◆ **WORK REQUIRED**
Output the exact lines that start at the one containing "Тонер-картридж Kyocera 20K" and continue to the last line of the entries below; do not output pictures.
*** Begin section ***
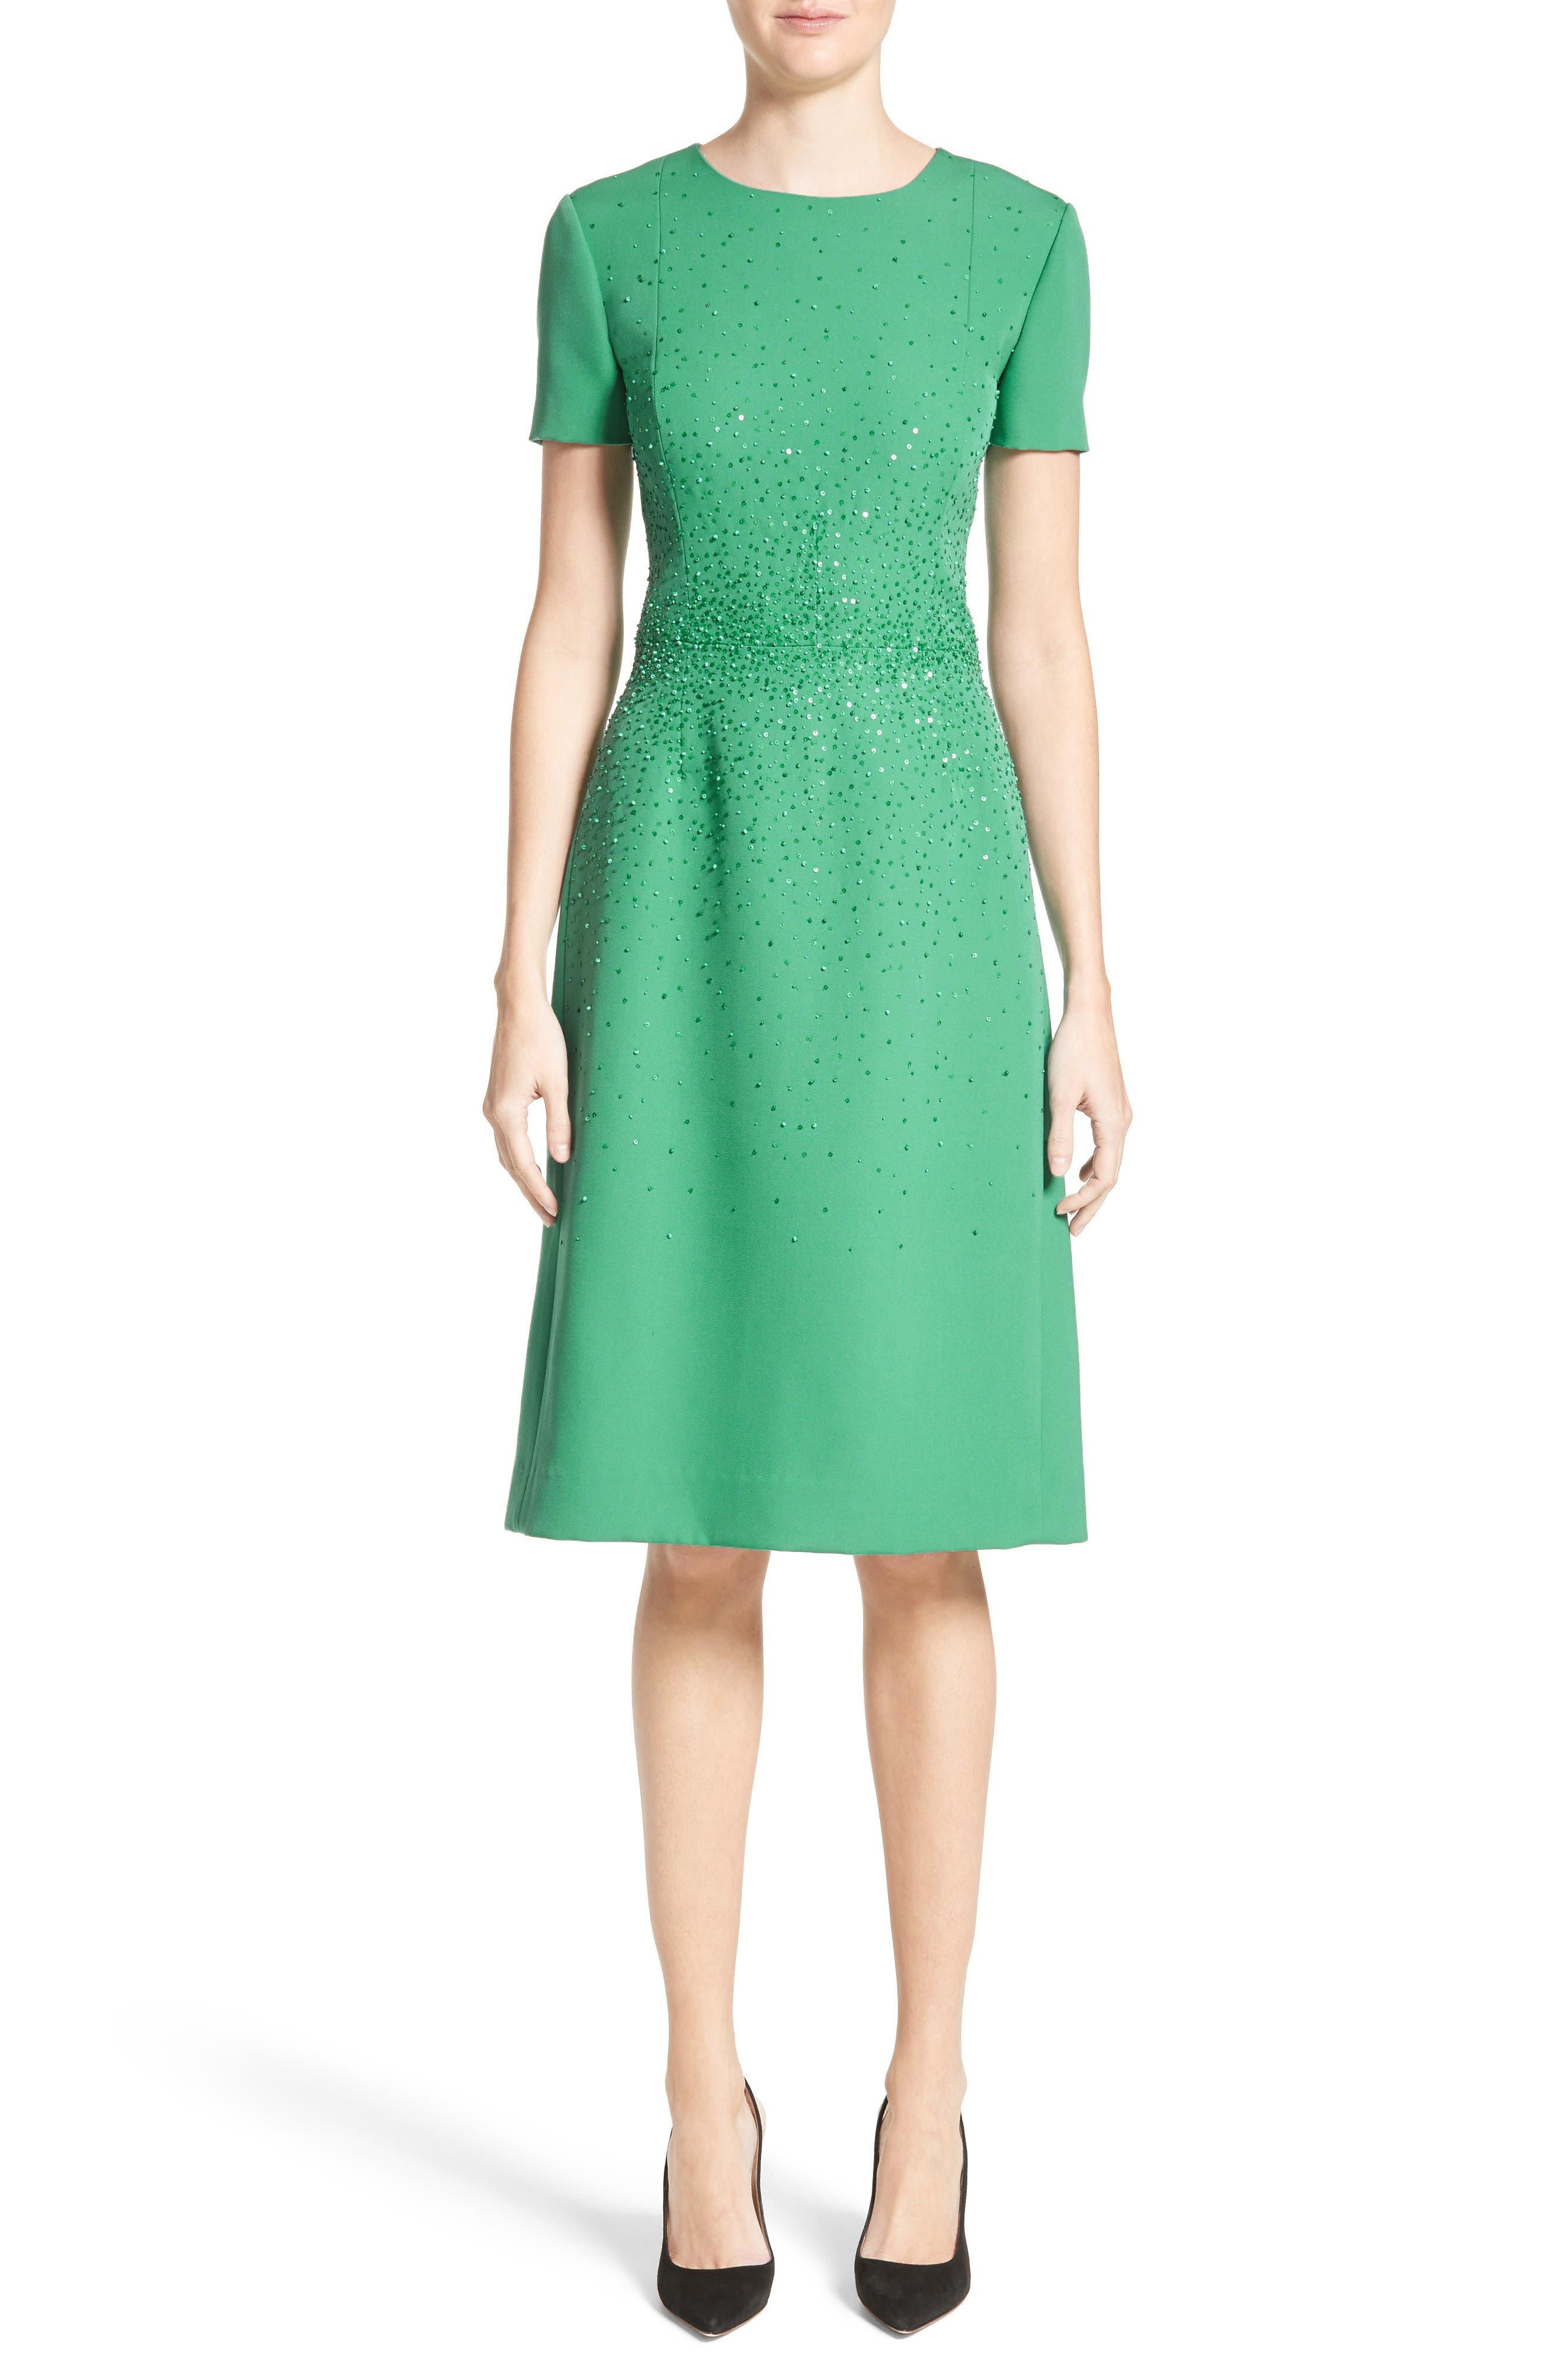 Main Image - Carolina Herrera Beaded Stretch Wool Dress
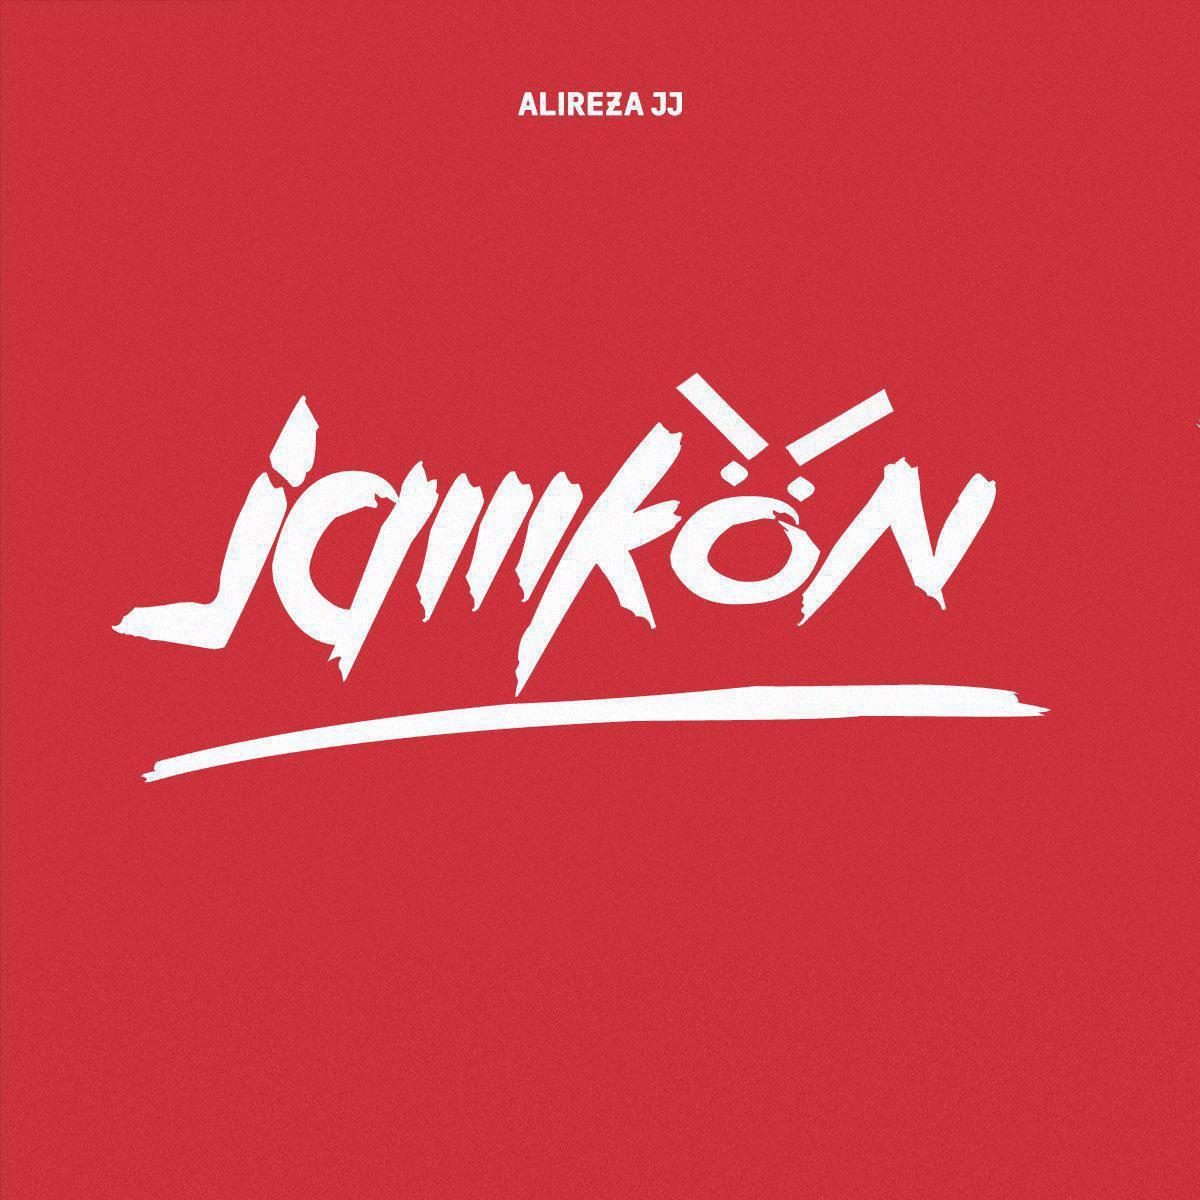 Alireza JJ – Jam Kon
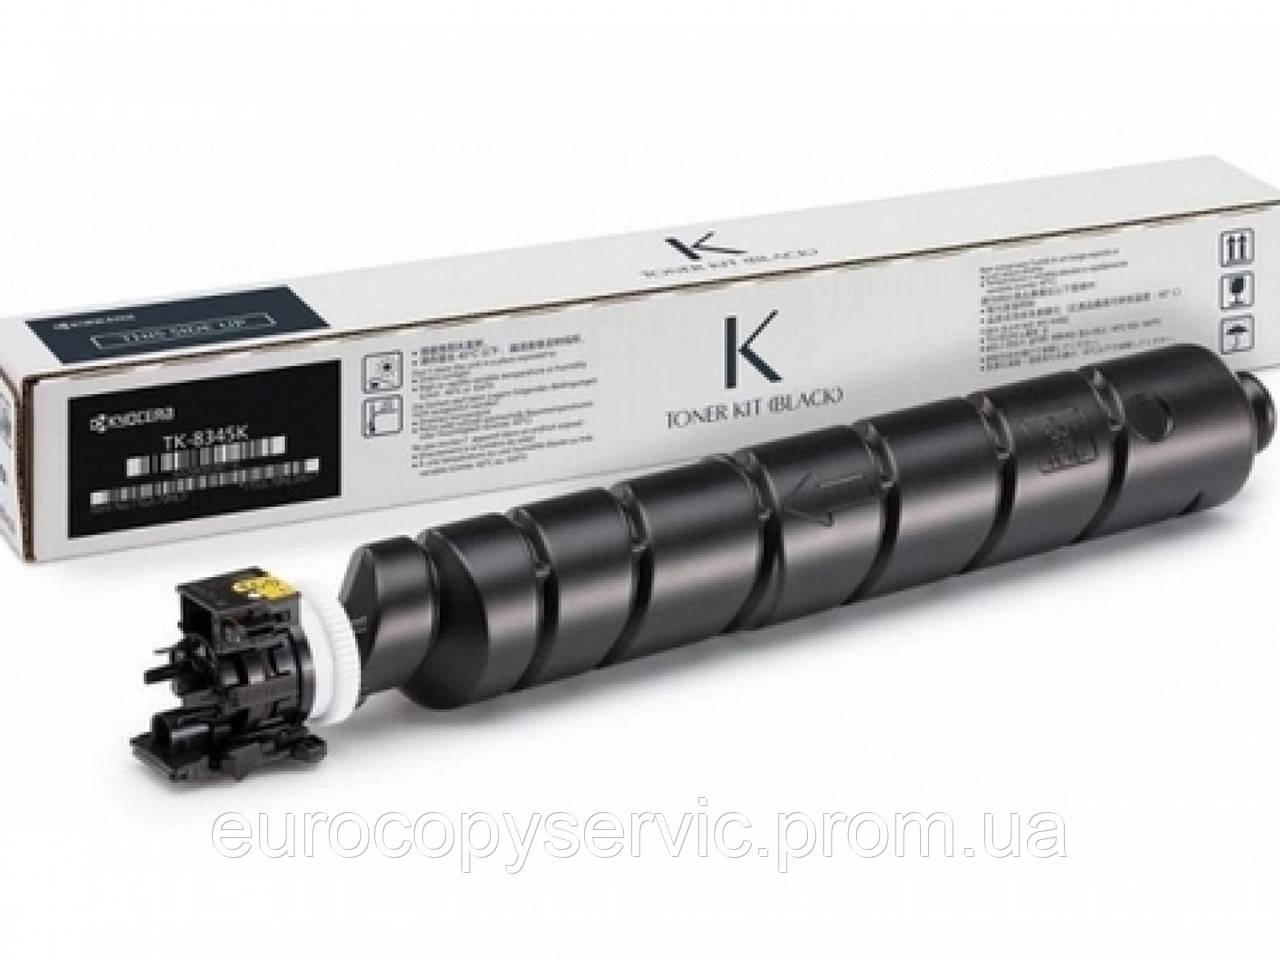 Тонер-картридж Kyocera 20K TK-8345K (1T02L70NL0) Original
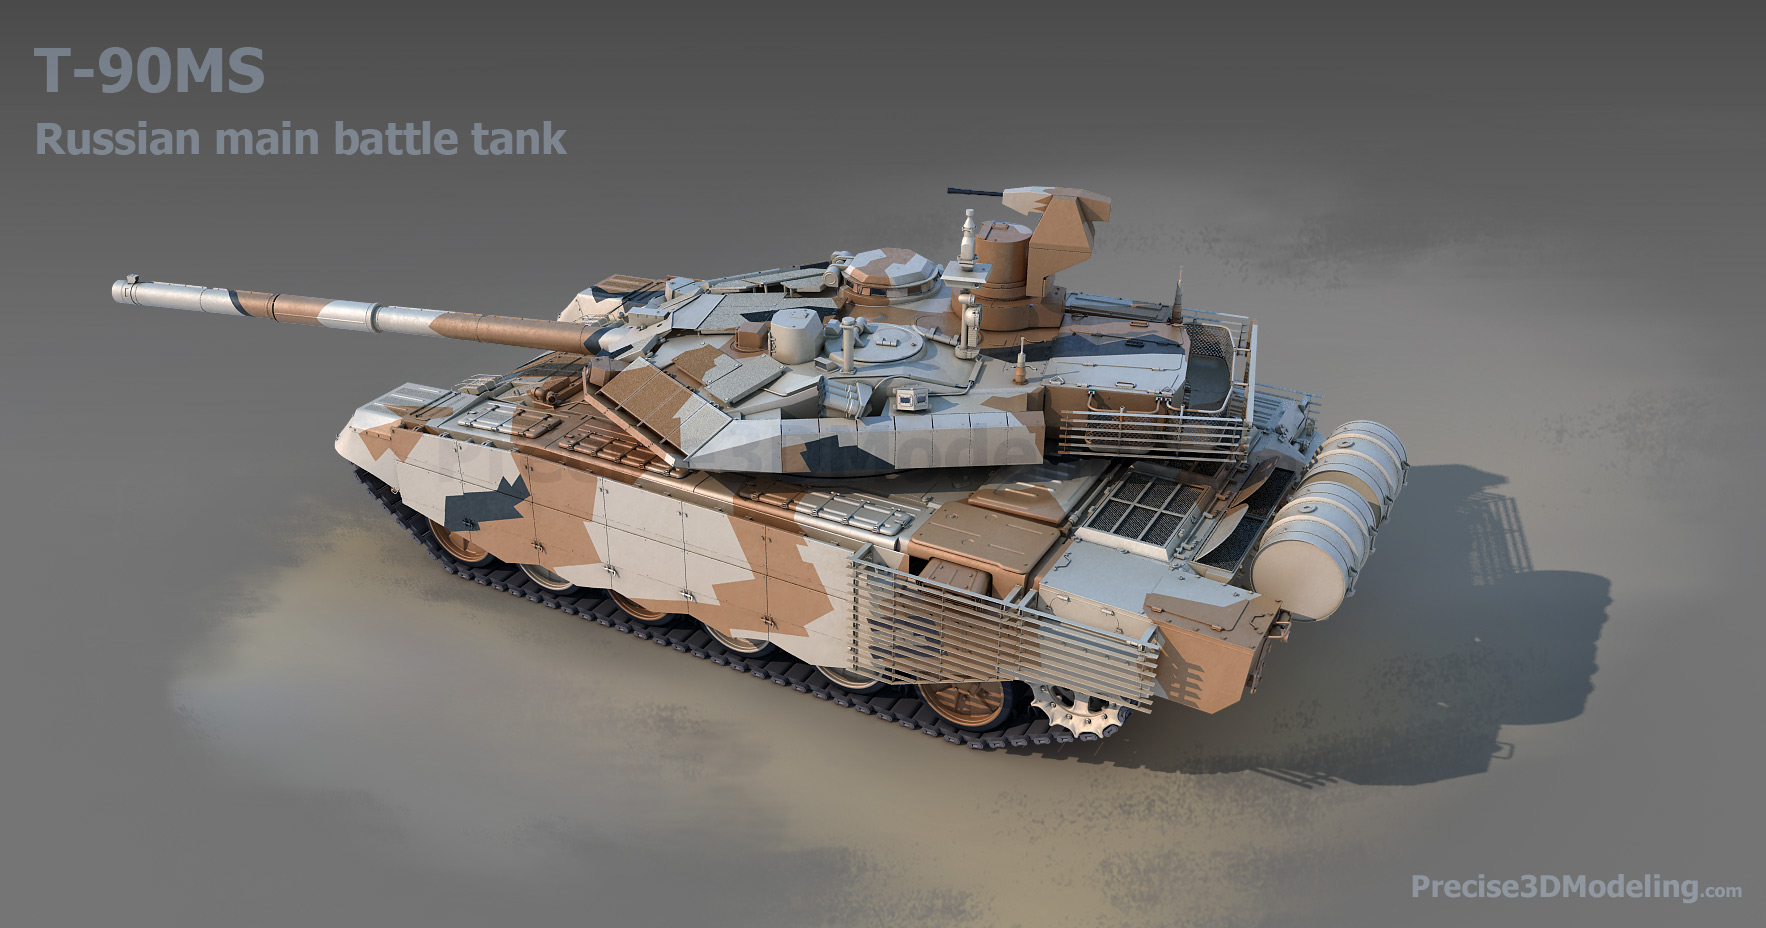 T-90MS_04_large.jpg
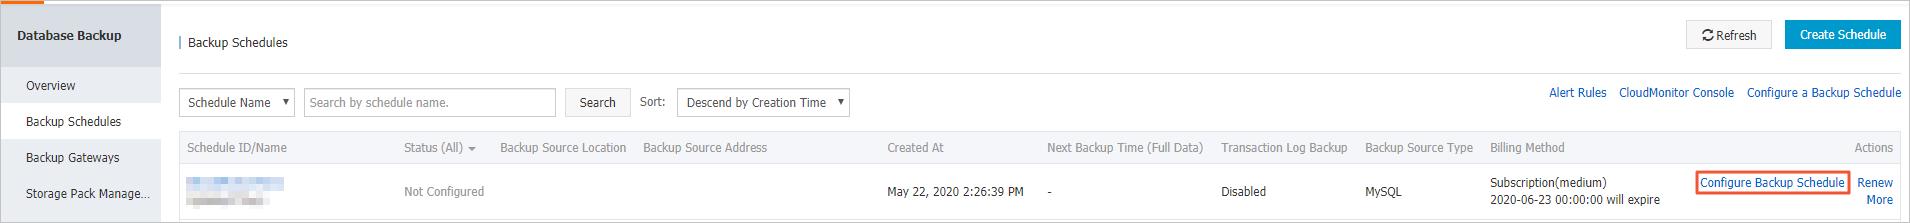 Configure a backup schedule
*** End section ***
◆ **EXPECTED OUTPUT**
 Тонер-картридж Kyocera 20K TK-8345K (1T02L70NL0) Original
 T-90MS_04_large.jpg
 Configure a backup schedule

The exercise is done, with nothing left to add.